DESCRIPTION OF SYMBOLS 1 ... Injection device, 5 ... Plunger (extrusion member), 7 ... Electric motor for injection (1st electric motor), 9 ... Electric motor for pressure increase (2nd electric motor), 11 ... Connection mechanism, 21 ... Piston (1st member), 25 ... Cylinder member, 23 ... Pressure member (second member), 27 ... Liquid controller, Ca ... Cavity.

Claims (9)

An extrusion member that extrudes material into the cavity;
A first electric motor;
A second electric motor;
A coupling mechanism interposed between them,
Have
The coupling mechanism is
A piston capable of transmitting the driving force of the first electric motor and moving together with the pushing member;
A cylinder member that slidably accommodates the piston;
A pressing member capable of transmitting the driving force of the second electric motor and pressurizing the liquid behind the piston;
Liquid can be replenished behind the piston when the piston advances relative to the pressure member, and discharge of liquid behind the piston can be prohibited when the pressure member advances. A liquid control unit;
Have
An injection device in which the front side of the piston is not filled with liquid. The injection device according to claim 1, wherein there is no liquid on the front side of the piston. A first transmission mechanism for transmitting the driving force of the first electric motor to the piston;
The injection device according to claim 1, wherein the first transmission mechanism includes a rack and pinion mechanism that converts rotation of the first electric motor into translational motion and transmits the translation to the piston. A first transmission mechanism for transmitting the driving force of the first electric motor to the piston;
The injection device according to claim 1, wherein the first transmission mechanism includes a screw mechanism that converts rotation of the first electric motor into translational motion and transmits the translational motion to the piston. A second transmission mechanism for transmitting the driving force of the second electric motor to the pressure member;
The injection device according to any one of claims 1 to 4, wherein the second transmission mechanism includes a screw mechanism that converts rotation of the second electric motor into translational motion and transmits the translational motion to the pressurizing member. The injection device according to any one of claims 1 to 5, wherein the liquid control unit includes an accumulator capable of supplying a liquid behind the piston.
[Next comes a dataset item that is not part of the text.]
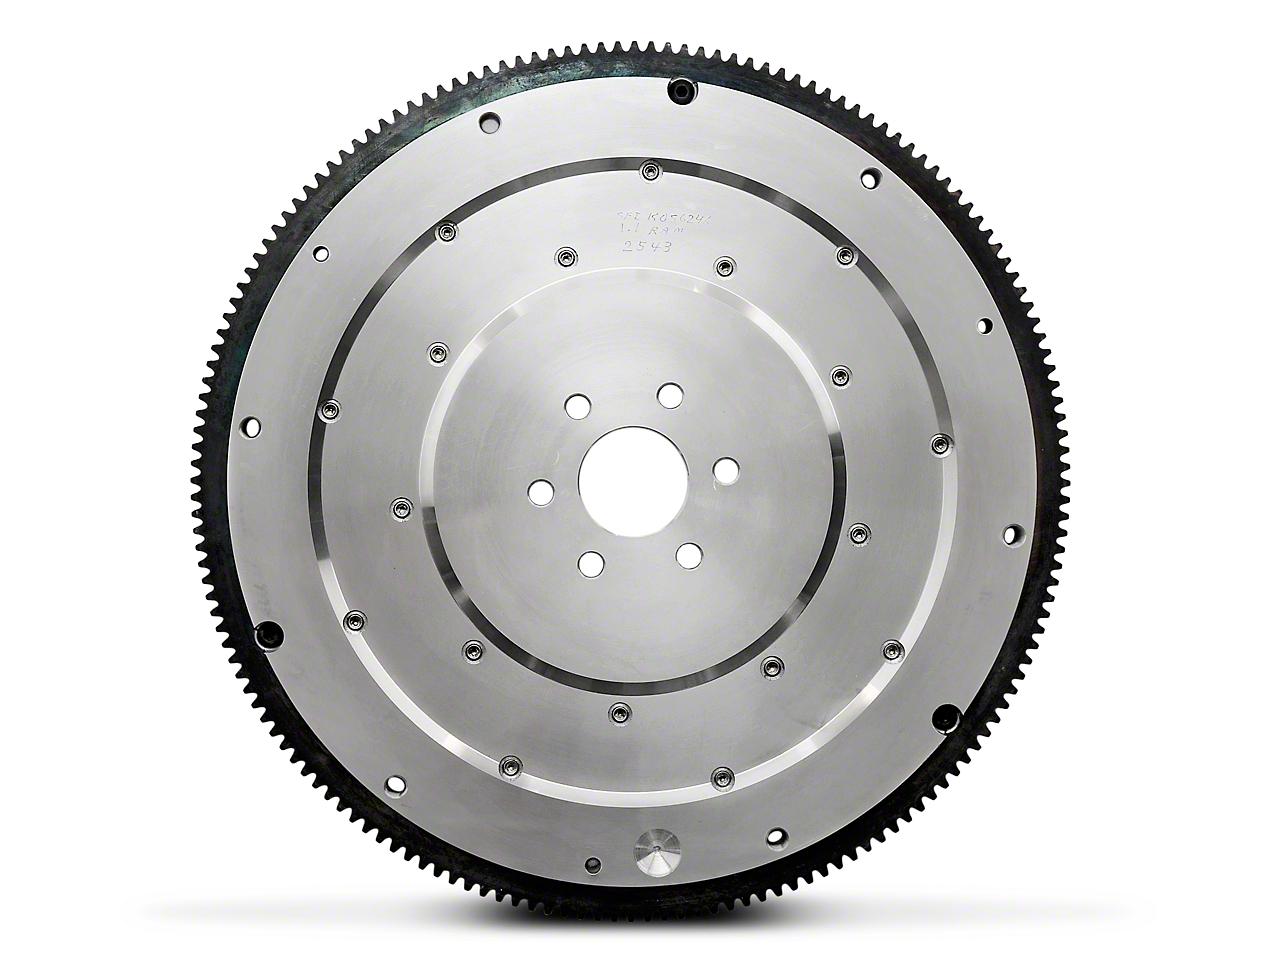 RAM Billet Aluminum Flywheel - 6 Bolt (01-04 V6)

The injection device according to any one of claims 1 to 5, wherein the liquid control unit includes a hydraulic cylinder that is driven by the driving force of the first electric motor being transmitted and can supply liquid behind the piston. . The injection device according to any one of claims 1 to 7 ,
A mold clamping device;
A molding apparatus comprising: A method for manufacturing a molded product, wherein a molded product is manufactured by extruding a material into the cavity using a molding device including the injection device according to any one of claims 1 to 7 .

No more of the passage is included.